Background

The current Coronavirus disease 2019 (COVID-19) pandemic, caused by the Severe Acute Respiratory Syndrome Coronavirus 2 (SARS-CoV-2) [1], strained critical care resources in many countries, and the management of lung injury in these patients posed a tremendous challenge for clinicians [2]. Several patients with COVID-19 developed severe acute respiratory distress syndrome (ARDS) with mortality rates around 30% [3] in the first pandemic wave. ARDS is characterized by lung inflammation and hyperpermeability pulmonary edema. Currently, the diagnosis of ARDS is based on the presence of clinical, physiological, and radiological criteria [4,5,6]. Unlike other clinical conditions, to date, there are no specific molecular markers that help in the prognosis of this condition. Advancement in the understanding of the pathogenesis of ARDS is necessary for designing innovative and effective therapeutic approaches.

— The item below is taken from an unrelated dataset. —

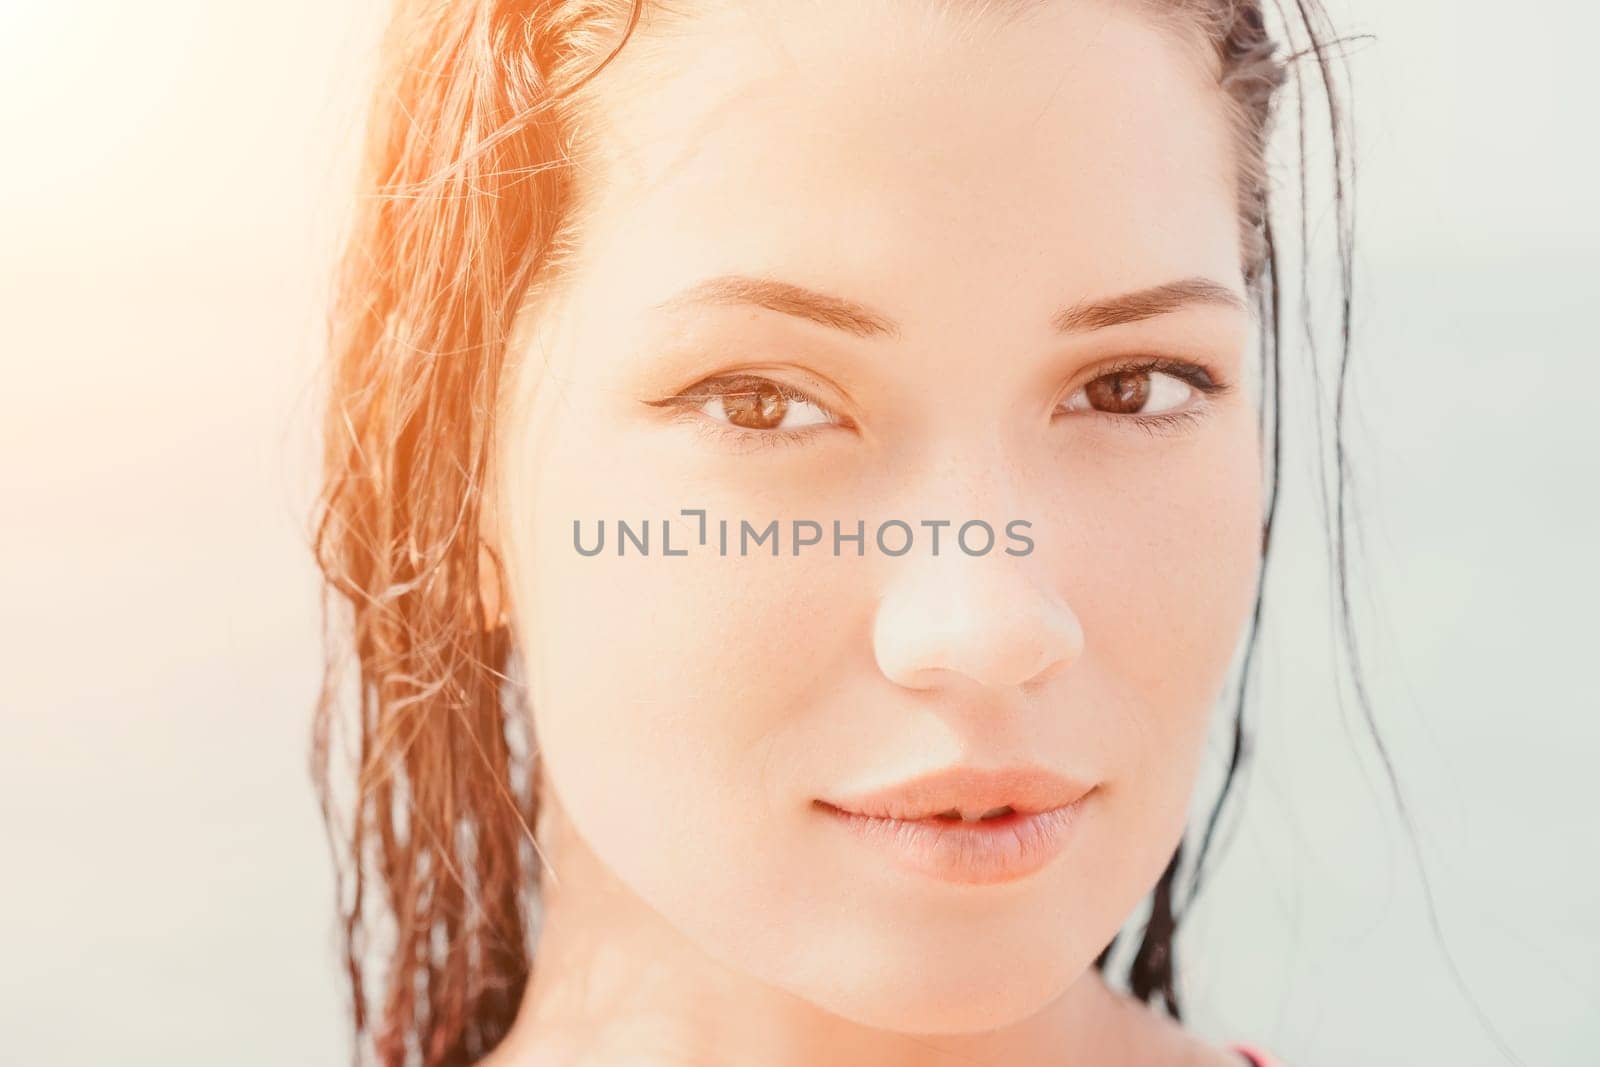 Woman sea sup. Close up portrait of beautiful young caucasian woman with black hair and freckles looking at camera and smiling. Cute woman portrait in a pink bikini posing on sup board in the sea. by panophotograph

Molecular approaches are needed to understand the mechanisms of ARDS induced by COVID-19. Of particular interest is the use of metabolomics for the characterization of this condition. The metabolome reflects early and specific alterations in the pathophysiological state of biological systems. In this context, Magnetic Resonance Spectroscopy (MRS) emerges as a highly potential tool for studying metabolic disorders in respiratory diseases [7]. Several studies have proved the potential of MRS-based metabolomics to monitor patients with ARDS induced by respiratory infections [8,9,10]. A previous study compared the specific metabolic fingerprint of ARDS patients with either influenza A pneumonia (IAP) caused by the H1N1-2009 influenza virus or pneumonia caused by Streptococcus pneumoniae [11]. Here, we used a similar approach for the characterization of the metabolic fingerprint of COVID-19-induced ARDS. We compared COVID-19 and IAP patients to identify the metabolic reprogramming involved in these two conditions. The identification of metabolic pathways involved in ARDS caused by the H1N1-2009 influenza virus or by SARS-CoV-2 will improve our understanding of the pathogenesis of COVID-19. Finally, as a proof of concept of the diagnostic potential of these metabolic biomarkers, we developed a predictive model to identify the etiological pathogens responsible for ARDS.

Methods

Experimental design

Patients with Coronavirus disease 2019 (COVID-19, n = 18) were recruited from March 1, 2020, to June 31, 2020, in Hospital Universitario de Getafe, Madrid. Metabolic profile from ARDS patients with H1N1-2009 influenza pneumonia was acquired and analyzed in our previous study [12]. Serum samples from ARDS patients with H1N1-2009 influenza virus pneumonia were obtained in Hospital Universitario de Getafe, Madrid, Spain (n = 10) and Hospital del Mar, Barcelona, Spain (n = 10) during the 2009 pandemic and stored at − 80 °C until NMR analysis in September of 2017. H1N1-2009 infection was confirmed by RT-PCR or either nasopharyngeal swab samples or tracheal secretions. In all cases, serum samples were obtained within 24 h of presentation to the emergency department. Blood samples were collected in BD Vacutainer tubes after each participant signed informed consent. After collection, the sample was left at room temperature for 30 min to clot. The clot was removed by centrifugation at 1500 × g for 10 min at 4 °C. The resulting supernatant was immediately transferred into 2 ml Eppendorf tubes and stored at − 80 °C.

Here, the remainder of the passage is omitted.